Recruitment & Eligibility
- Status
- UNKNOWN
- Sex
- All
- Target Recruitment
- 80
In addition to the DSM-IV diagnostic criteria for major depressive disorder, the following conditions must be met for patient eligibility:
- Written informed consent.
- Subjects with a primary diagnosis of PD who also currently meet DSM-IV criteria for MDD
- Subjects must be stable on their anti-Parkinson treatment, as defined by no medication changes over the past 6 weeks
- Subjects may be taking an antidepressant as long as they have had a stable dose for up to 6 weeks and do not alter the dosage during the course of the study
- Men or women 40-80 years of age
- HAMD-17 scores > 14 at screen visit
- Score of 25 or greater on the Mini-Mental Status Examination
- Willing to come to MGH for screening and study participation
Patients meeting any of the following criteria are to be excluded from the study:
- Subjects who, in the investigator's judgment, pose a current, serious suicidal or homicidal risk
- Patients who would not be appropriate for a delayed CBT control due to the severity of their depression based on clinical judgment as well as HAMD-17 scores > 28
- The following DSM-IV diagnoses: 1) substance use disorders, including alcohol dependence, active within the last 3 months; 2) schizophrenia; 3) delusional disorder; 4) psychotic disorders not elsewhere classified; 5) bipolar disorder; 6) MDD with psychotic features
- Subjects who meet DSM-IV criteria for dementia
- Severe, unstable concurrent medical conditions (determined by his/her physician) that are likely to require hospitalization within six months from study entry (e.g., a patient with severe congestive heart failure who has a history of recent hospital admissions)

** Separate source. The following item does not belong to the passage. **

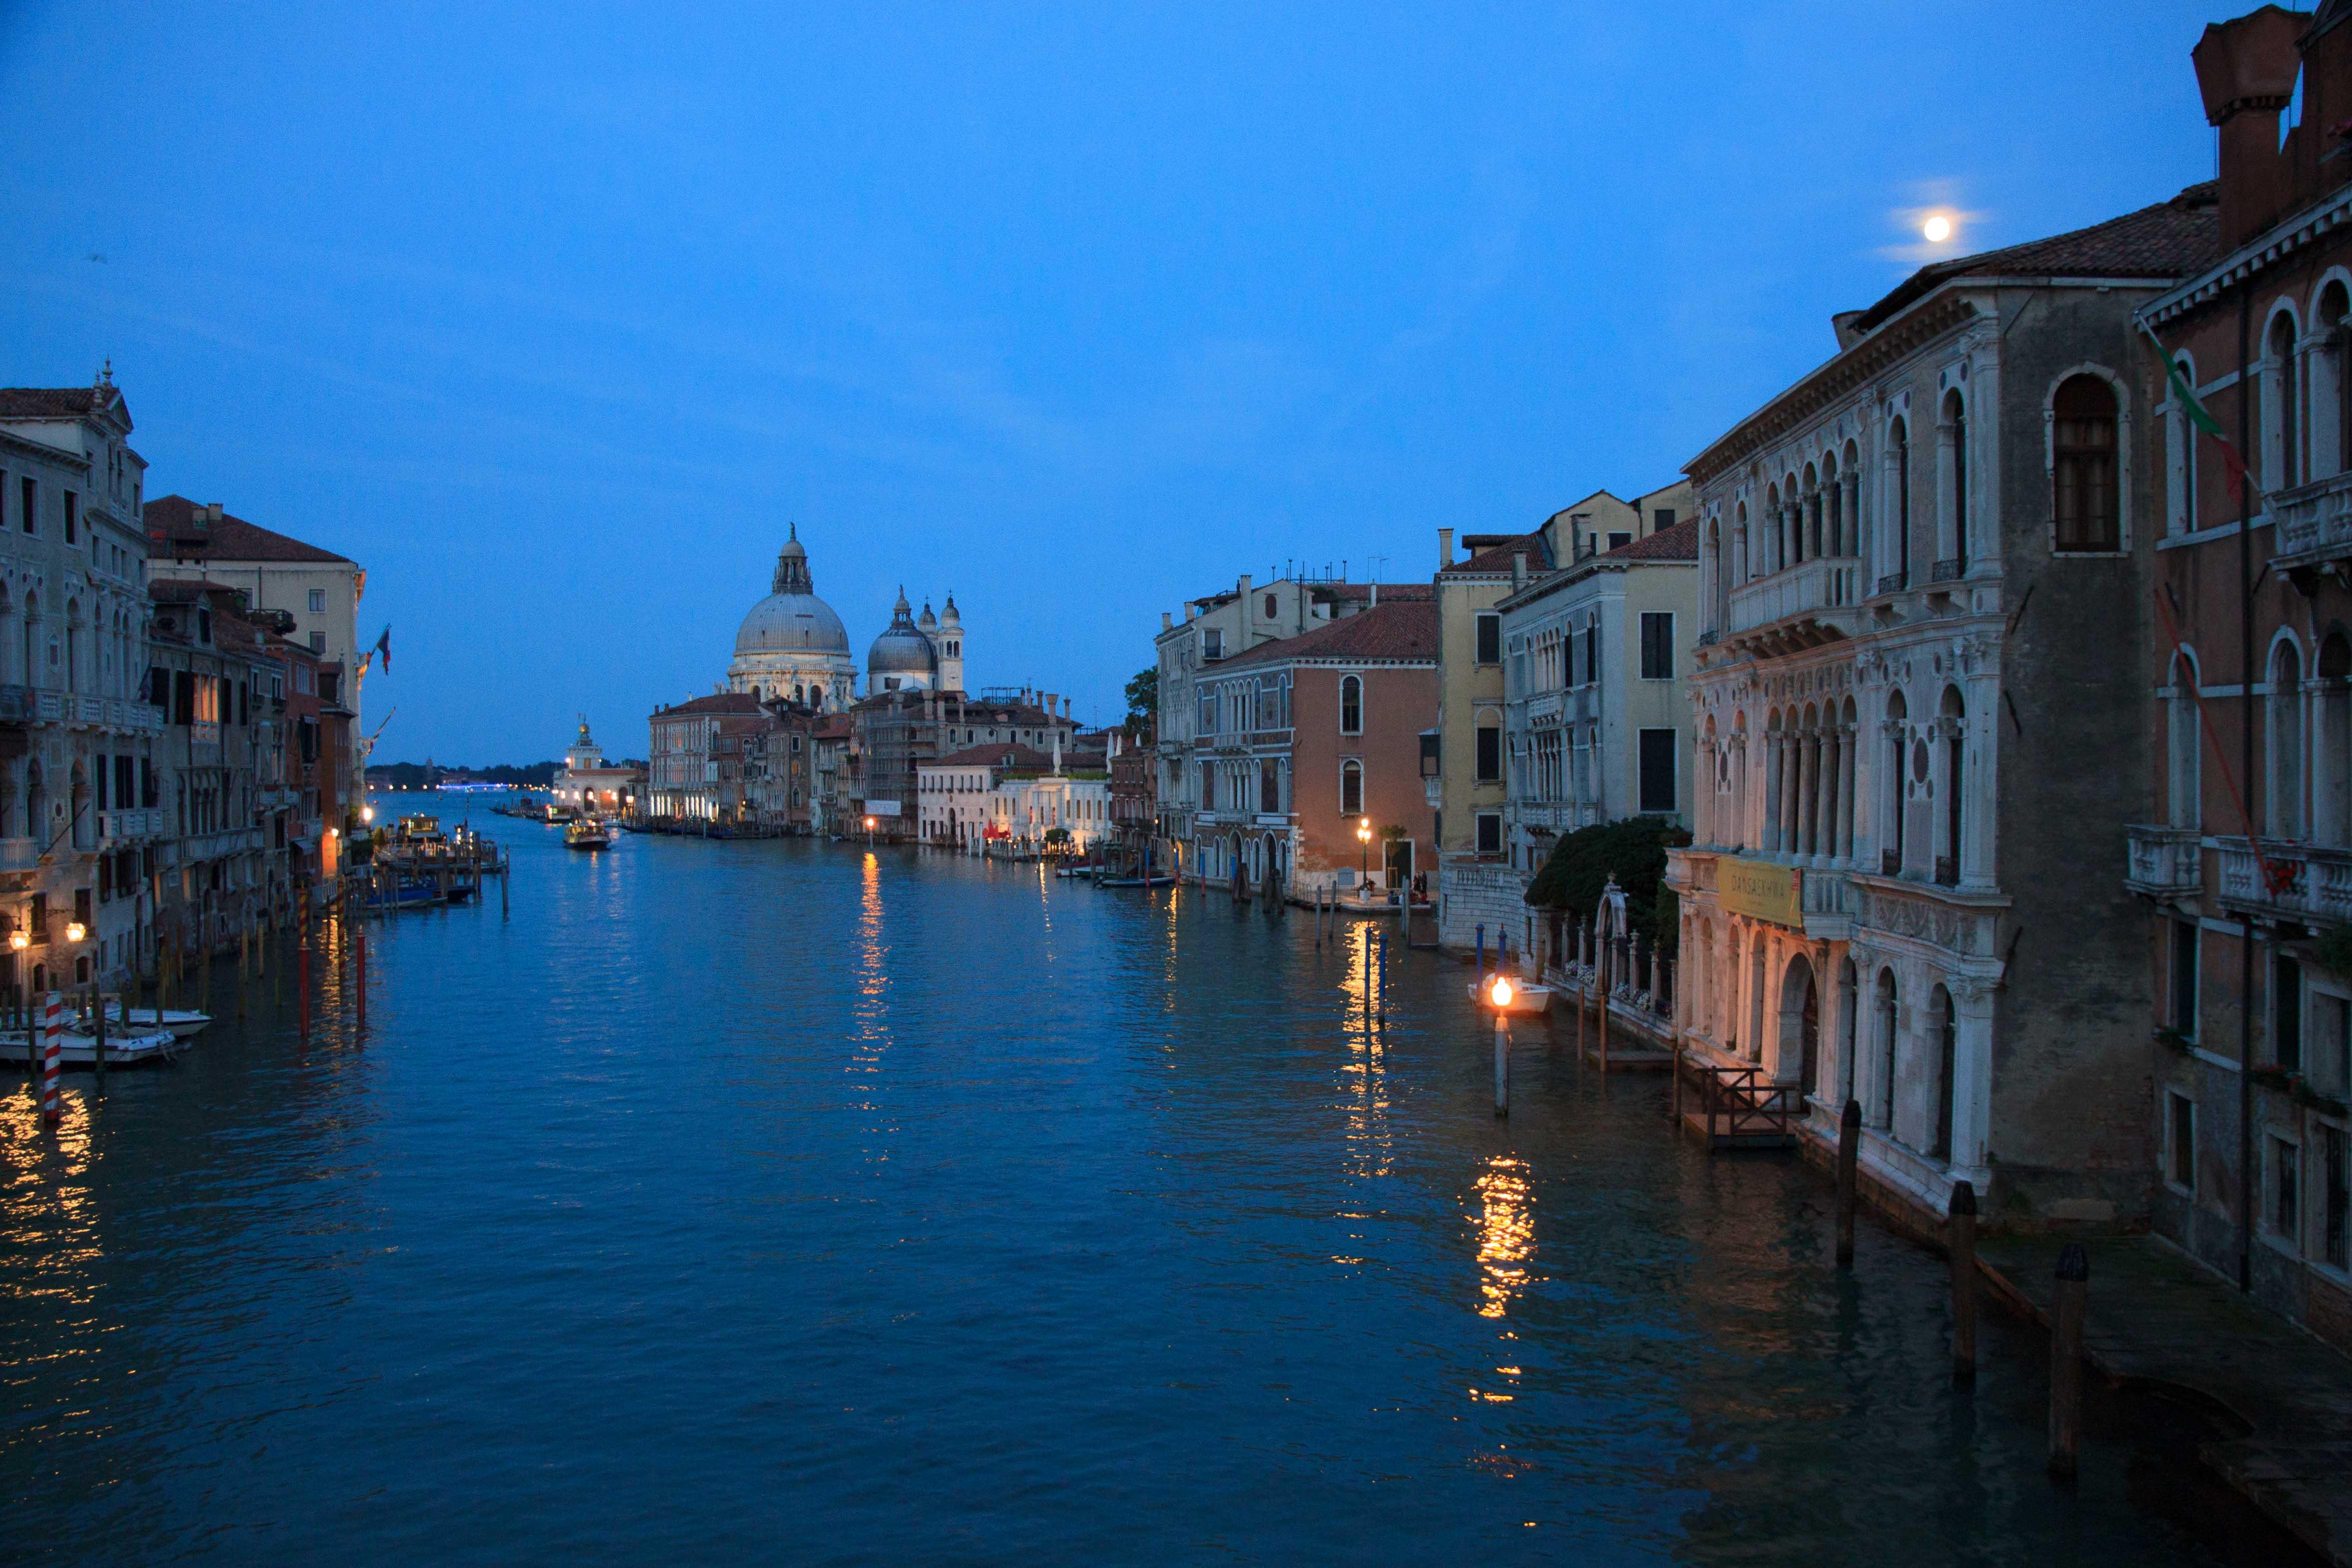 Grand Canal from Ponte dell Academia in the evening. Basilica di Santa Maria della Salute in the background.

- Subjects may not be receiving a psychosocial intervention that is specific for depression; psychosocial interventions not specific for depression (e.g., couples counseling) and established for three or more months before screen visit are allowed
Study & Design
- Study Type
- INTERVENTIONAL
- Study Design
- PARALLEL
- Arm && Interventions
Group Intervention Description 1 Cognitive Behavioral Therapy Patients randomized to the immediate arm will be given 12 weeks of CBT starting one week after randomization 2 Cognitive Behavioral Therapy Patients in the delayed arm will receive 12 weeks of CBT, starting 12 weeks after randomization.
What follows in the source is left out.